HUMILHAÇÃO EM CUSCO: Fogão leva 6 a 1 do Cienciano e rivais disparam: ‘Nunca serão!’

Uma noite para esquecer. Uma goleada de 6 a 1 que entra para a história como uma das maiores vergonhas do Botafogo. A Estrela Solitária se apagou em Cusco.

O Botafogo foi goleado por 6 a 1 pelo Cieniano pela Copa Sul-Americana (Photo by Jose Angulo / AFP)

Uma Noite de Infâmia para a Estrela Solitária

Há noites que entram para a história pelos piores motivos.
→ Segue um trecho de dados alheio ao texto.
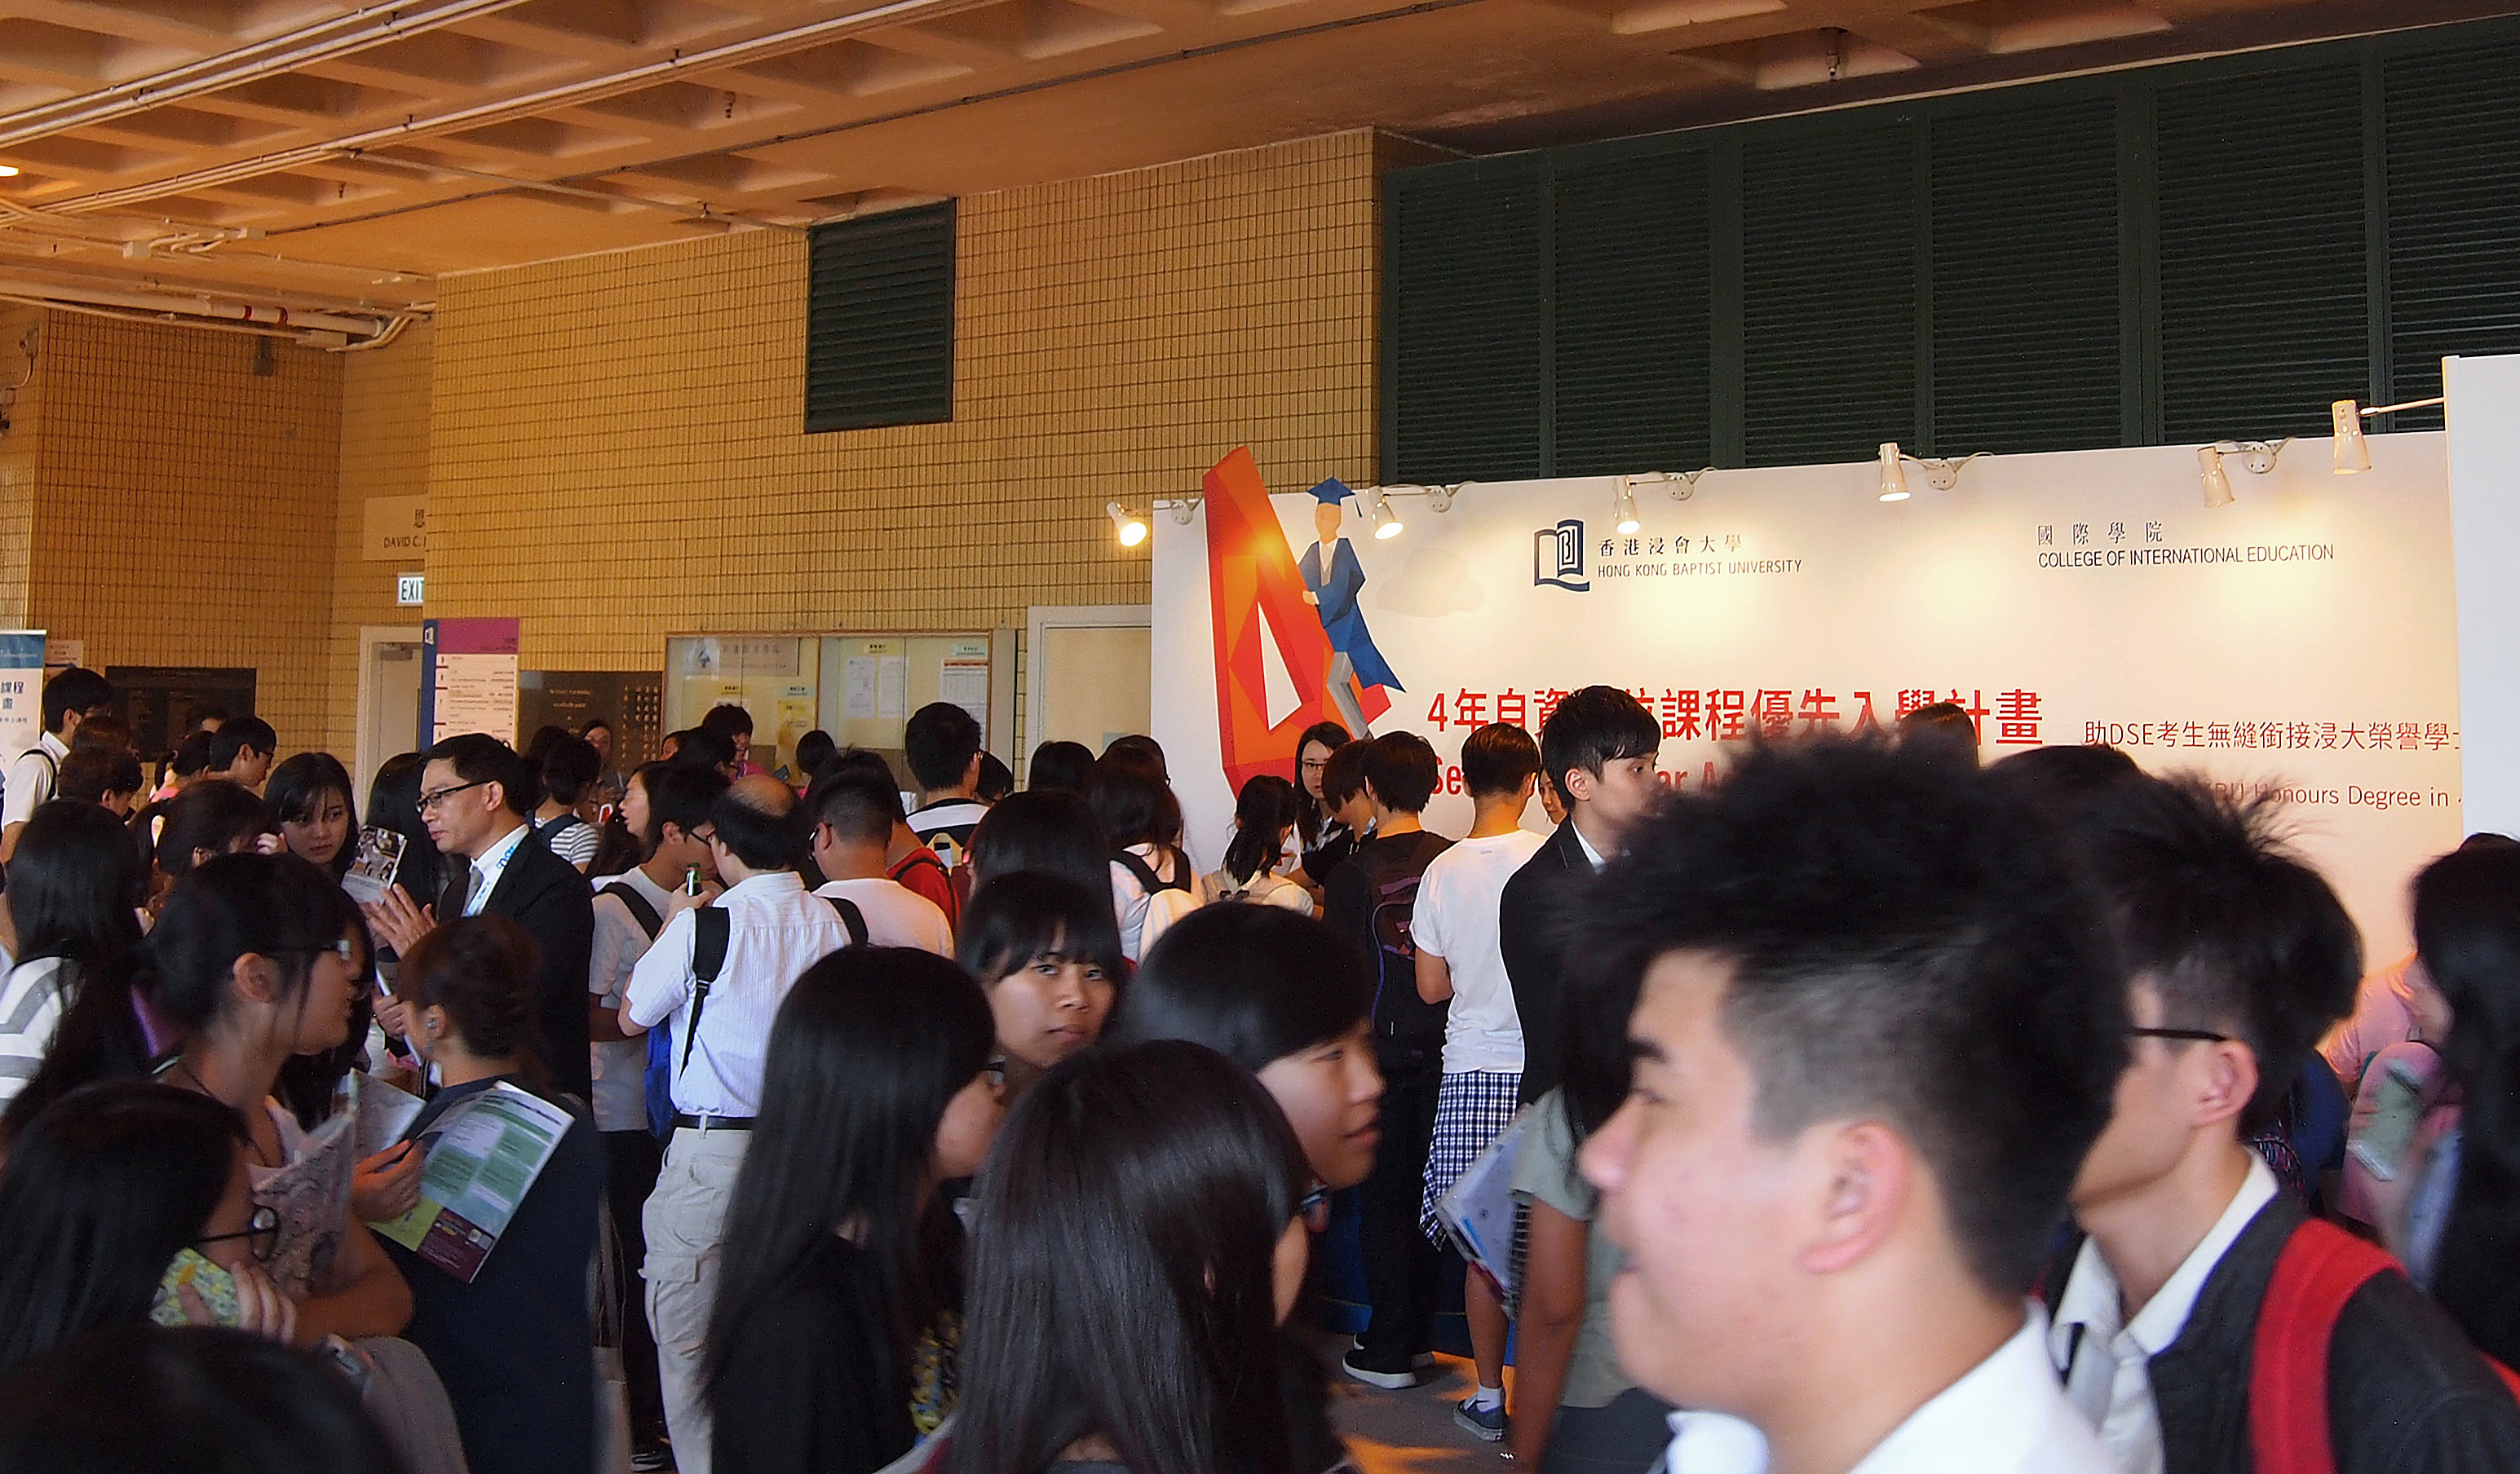 課程展覽攤位設於九龍塘校園李作權大道，查詢者眾，反應熱烈。
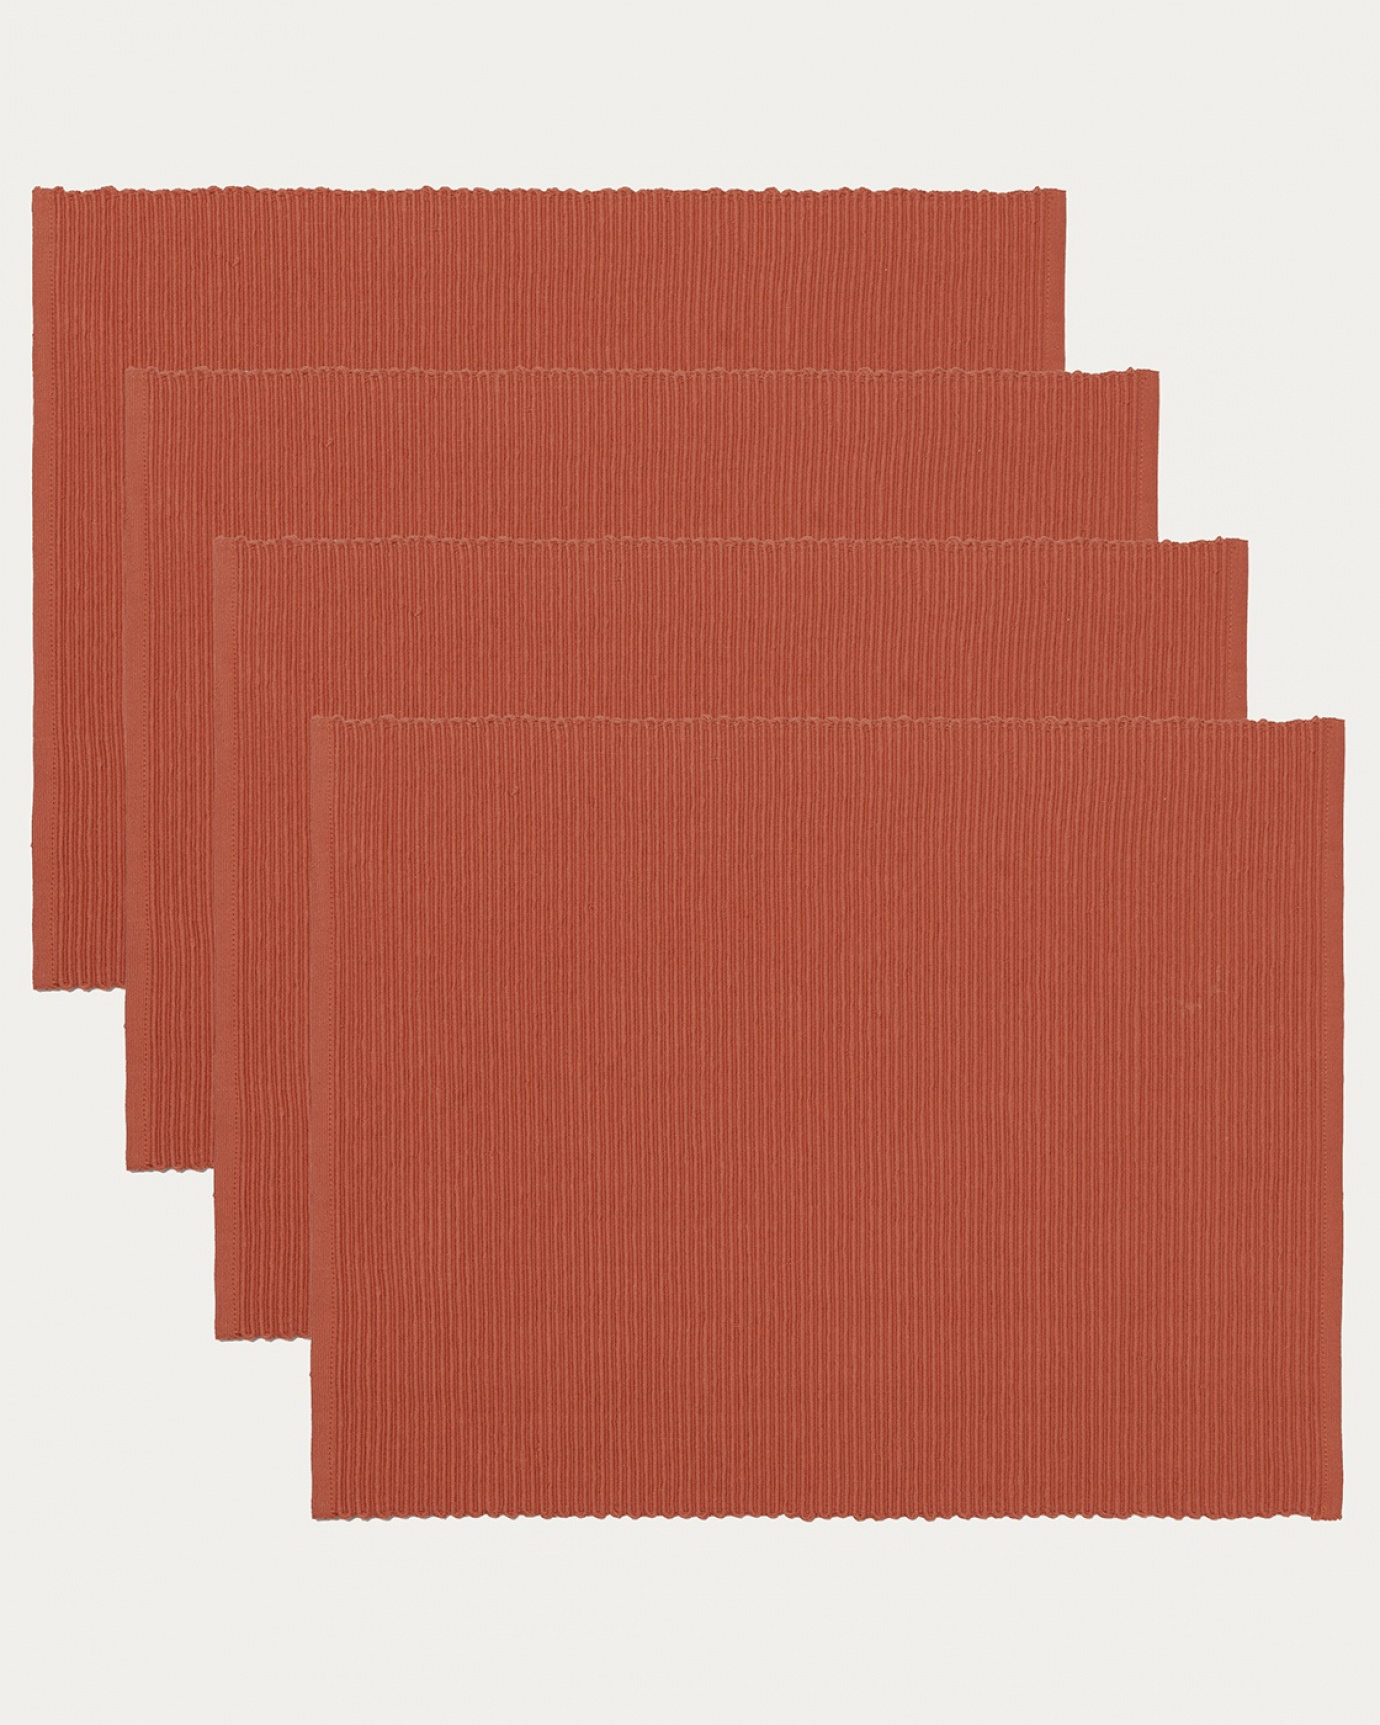 Produktbild rostorange UNI Tischset aus weicher Baumwolle in Rippenqualität von LINUM DESIGN. Größe 35x46 cm und in 4er-Pack verkauft.

A de quinta-feira, dia 13, será uma delas. Uma cicatriz na alma de cada botafoguense. Em Cusco, no Estádio Inca Garcilaso de La Vega, o que deveria ser o início de uma caminhada gloriosa nas oitavas de final da Sul-Americana se transformou em um pesadelo indescritível. O placar de 6 a 1 para o Cienciano não é apenas um resultado; é uma mancha, uma humilhação que ecoará por General Severiano e por todo o Brasil.

A Estrela Solitária, que tantas vezes nos guiou na escuridão, se apagou na altitude peruana. O time que entrou em campo não era o Botafogo que conhecemos e amamos. Foi uma equipe apática, perdida, que assistiu a um adversário mediano se transformar em um gigante impiedoso. A derrota dói, mas a forma como ela aconteceu é o que dilacera o coração do povo do Fogão.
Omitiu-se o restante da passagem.